Exercise objective:
The lines from the one with "メンタリティ運命蚊Kesoto 2個 マッサージボール" through the last line of the material below, copied exactly and free of pictures, make up the whole answer.

Source material:
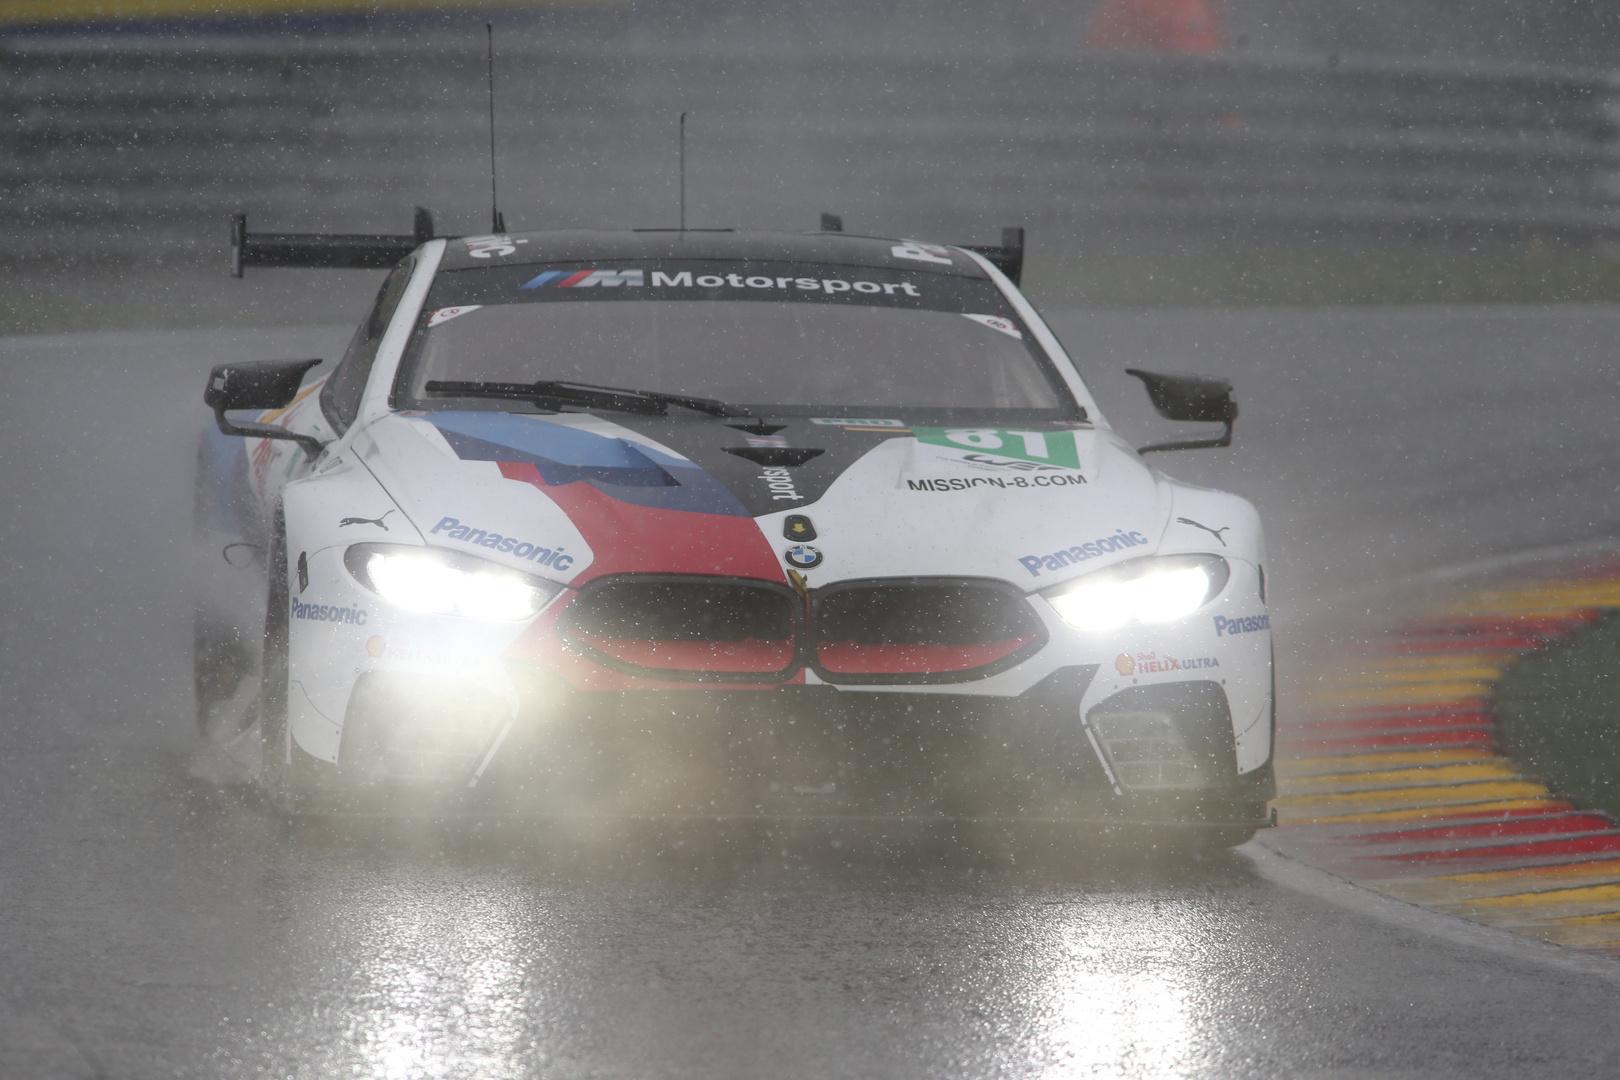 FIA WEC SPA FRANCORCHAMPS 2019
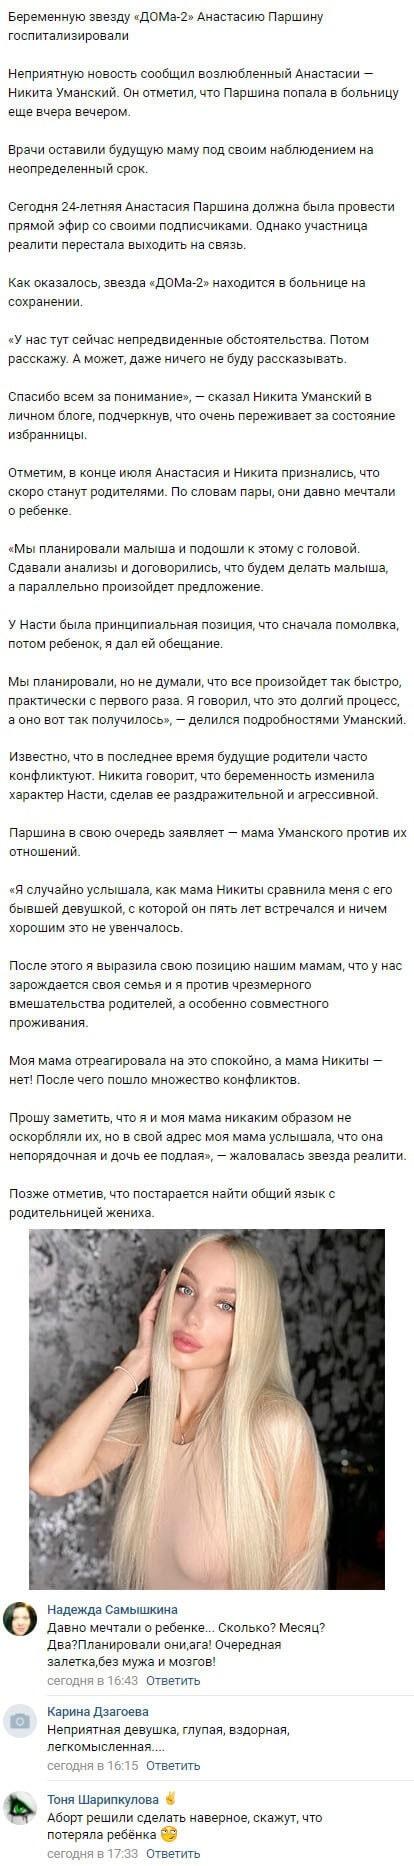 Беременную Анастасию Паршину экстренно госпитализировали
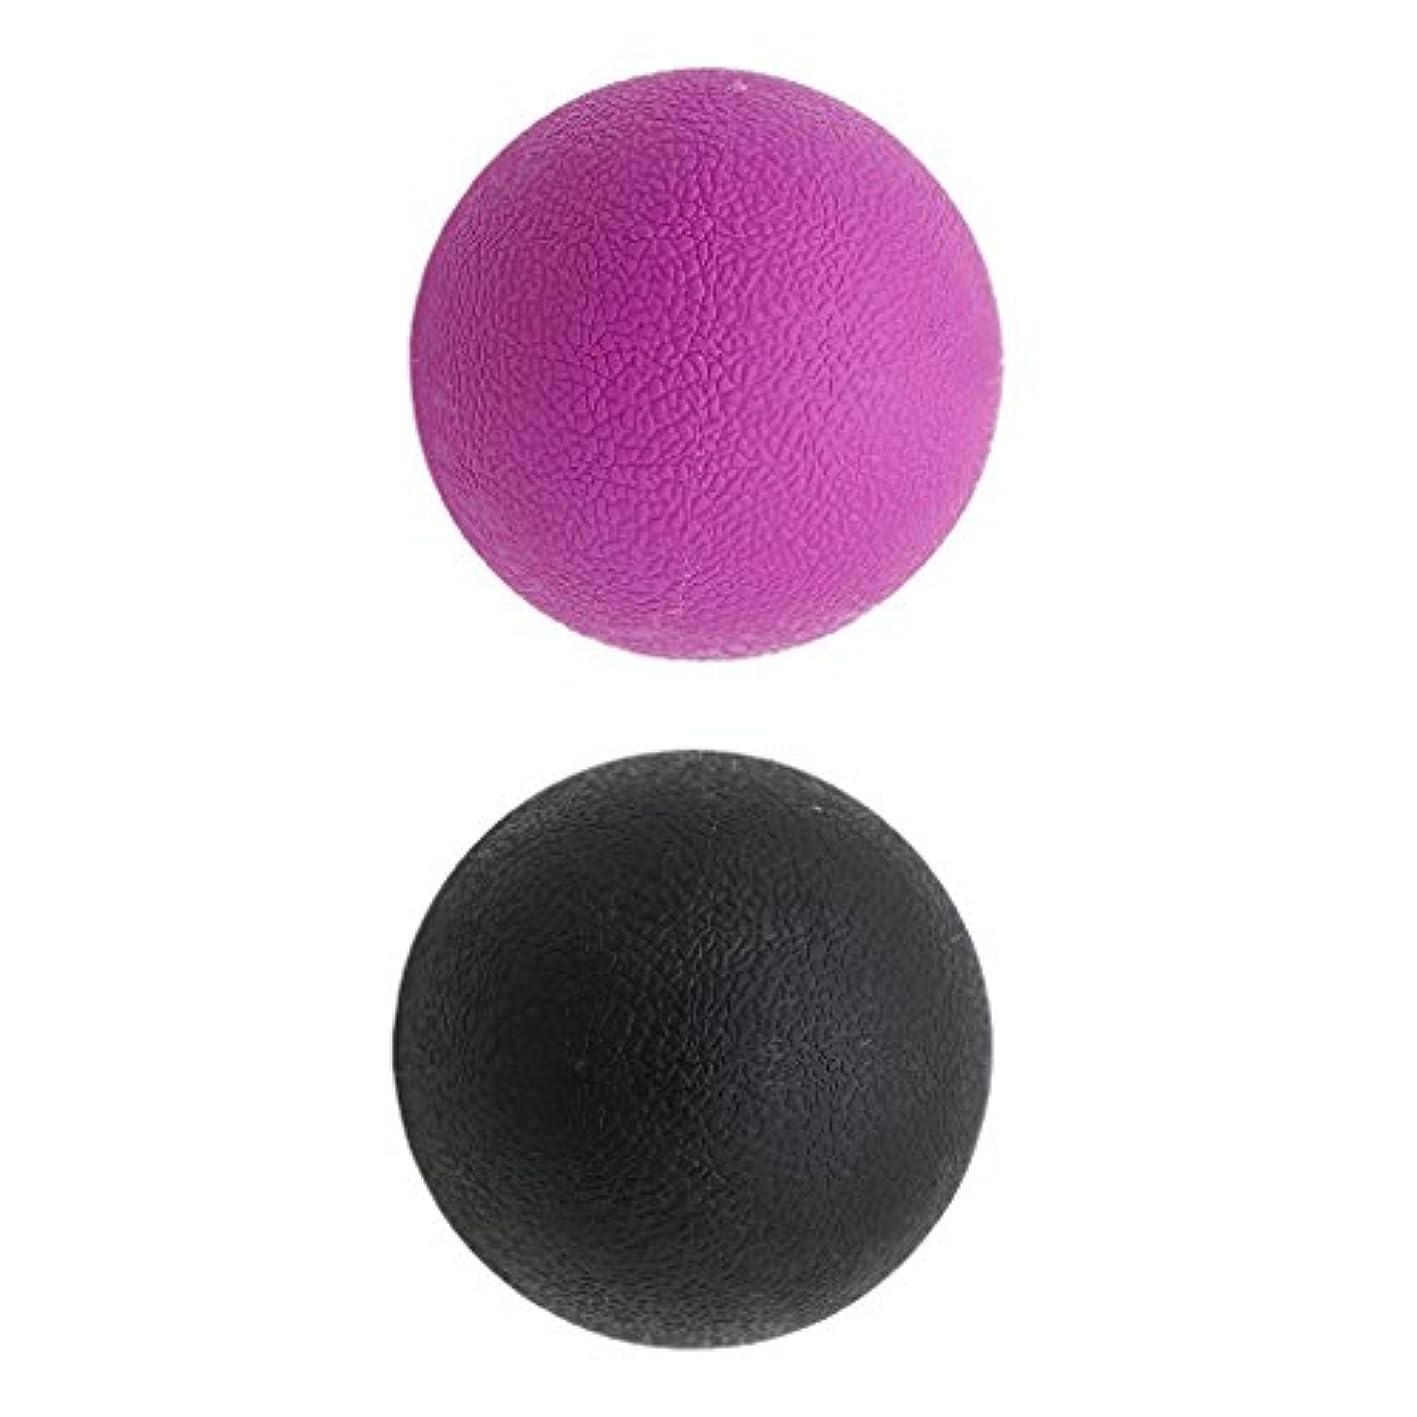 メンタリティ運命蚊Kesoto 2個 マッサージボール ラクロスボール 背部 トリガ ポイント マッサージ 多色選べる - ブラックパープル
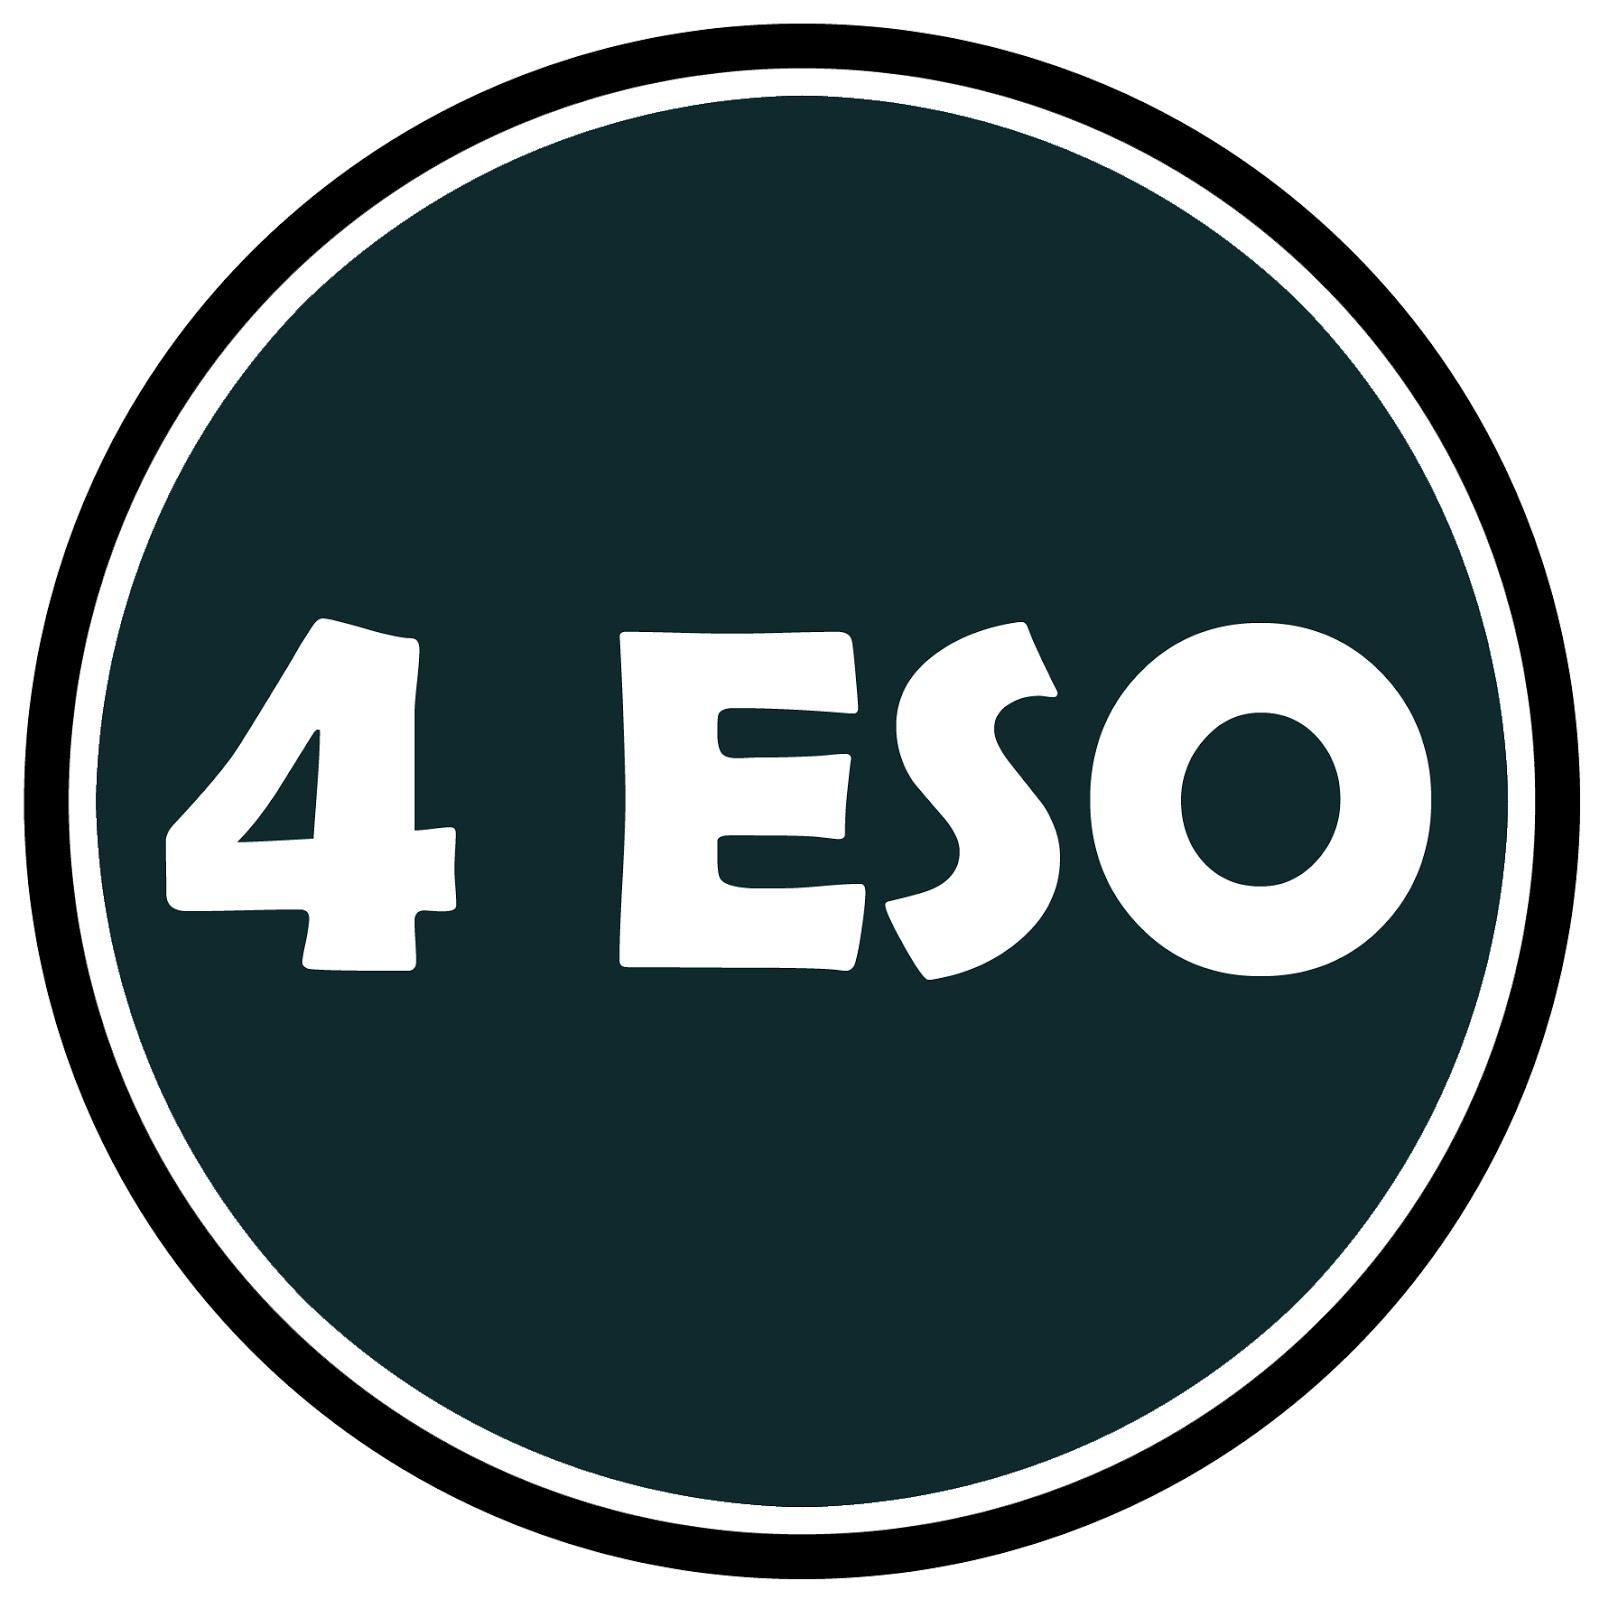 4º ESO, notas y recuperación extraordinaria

Answer to this exercise:
 メンタリティ運命蚊Kesoto 2個 マッサージボール ラクロスボール 背部 トリガ ポイント マッサージ 多色選べる - ブラックパープル
 4º ESO, notas y recuperación extraordinaria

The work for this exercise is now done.